Written By:
Anthony R0bins - Date published:
7:56 am, October 17th, 2017 - 12 comments
Categories: election 2017, humour -
Tags: coalition talks, election 2017, waiting for winston
Beckett’s classic Waiting for Godot by the city’s oldest company, the Wellington Political Theatre, is a triumph.
WPT stalwart Bill English delivers a solid, if unimaginative performance as Estragon. His brooding presence is the very embodiment of a sense of inevitable doom as he wrestles listlessly with his gumboots. Newcomer Jacinda Ardern is a revelation as Vladimir. Her deft touch creates an instant rapport with the audience, drawing us in to the hopeless wait for the titular Godot and imbuing it with a sense of universal significance. Their burden becomes our burden, as we all wait for forces beyond our control to determine our fate.
Perhaps the true genius of this production is the bold decision to re-imagine the supporting roles of Lucky and Pozzo and cast them as ensembles representing character archetypes of The Voter and The Press.

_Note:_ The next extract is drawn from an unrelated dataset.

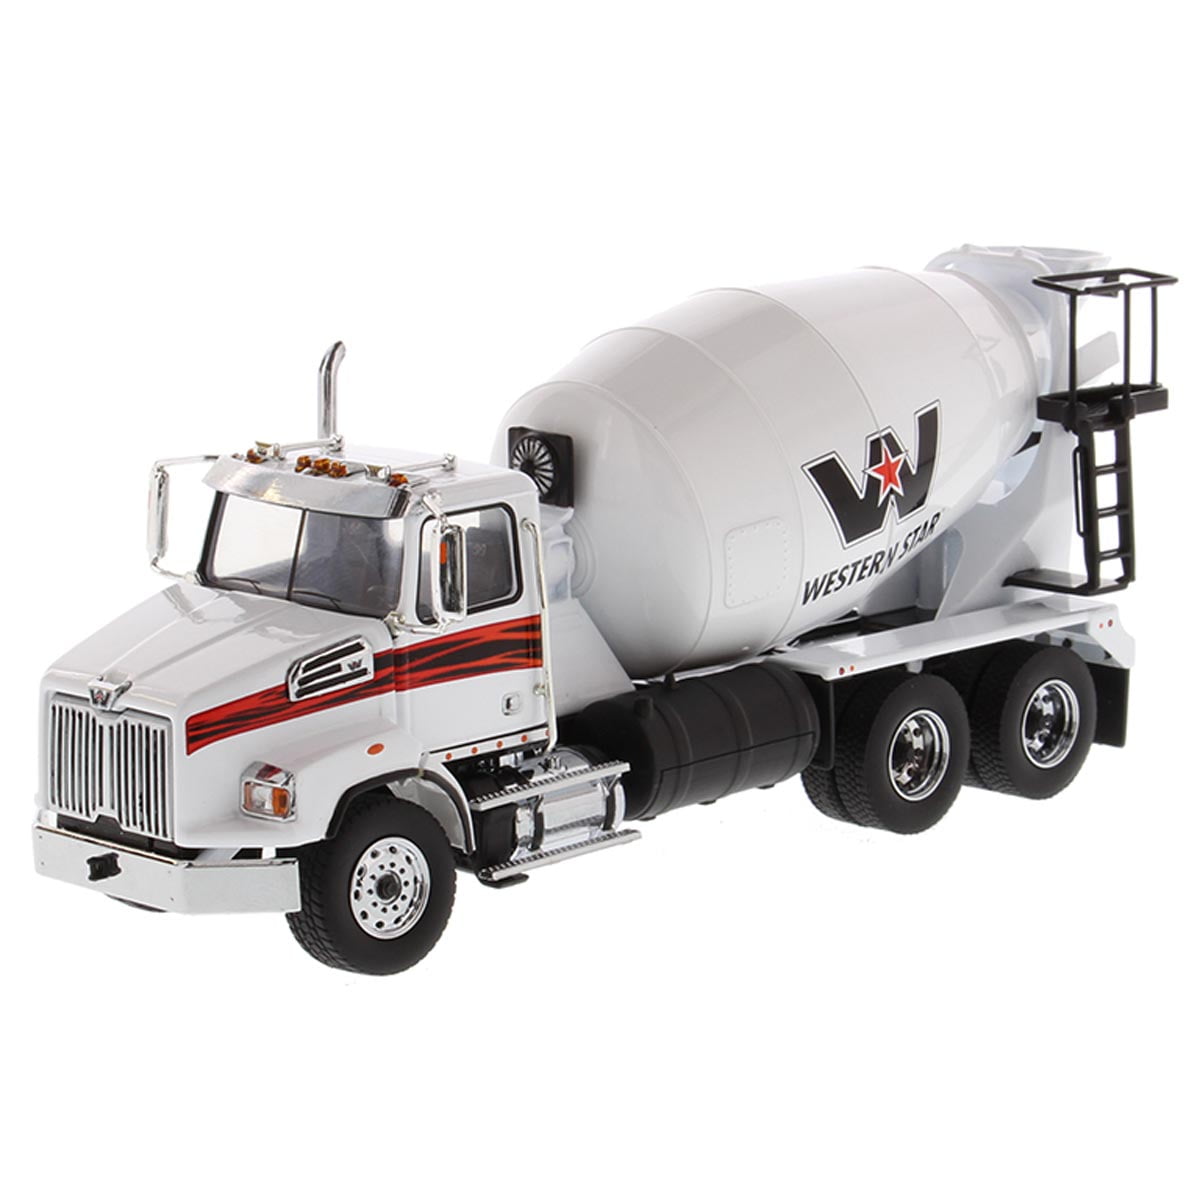 1/50 Western Star 4700 SB Dump Truck White Model by Diecast Masters 71034 for sale online

This allows the director to explore the inner conflicts of The Voter and the sense of reason divided against itself becomes the thematic engine that drives the play’s narrative arc. In a very real sense only some of us can ever be Lucky at the conclusion of this drama.
True to Beckett’s austere vision the staging of this masterpiece is stark. The essential tree is supplemented only by a battered beehive languishing forlornly beneath its dead branches. The significance of this symbolic void becomes both a metaphor for our essential powerlessness and one of the play’s most tragic and enduring images – empty, pensive, hopelessly waiting…
Renaming the play, “Waiting for God-knows-what” was a master-stroke!
Who’s the director again?
I understand that stage directions have been altered, e.g. “Exit stage left pursued by Press”.
A brilliant modern adaptation to the former sword-fighting scene is one touted as performed by tweets which appear simultaneously on stage and screen.
The ending is to be given extra poignancy by the playing of Lorde’s “Help Us”.
A not to be missed production. It is scheduled already for a re-run in 2020.
Giving serious consideration to the country’s future takes longer than a day or two?
It’s political correctness gone mad!
This month, the Dutch coalition negotiations were completed on October 9th.
The election was 15th March.
They seem pretty relaxed about it.
And Anthony Robins, congrats on a very clever piece of writing. Absolutely in the style!
Cheers mac1, it was fun to write something a bit different for a change.
I laughed, I cried…
(I mainly cried)
congrats from me too…loved it…missed your vocation?
“Woe, wail, Grizzle!” cry the Press. “Oh why must we create words for Estragon since his words are scarce. In times past we reported the news. Now we must fill the void with garbage. Woe, woe, woe.”
Top work Anthony.
Very good Rob – enjoyed this a lot.
Thanks Rob – brilliant and a good release from the uncertainty, tension and frayed nerves many are experiencing.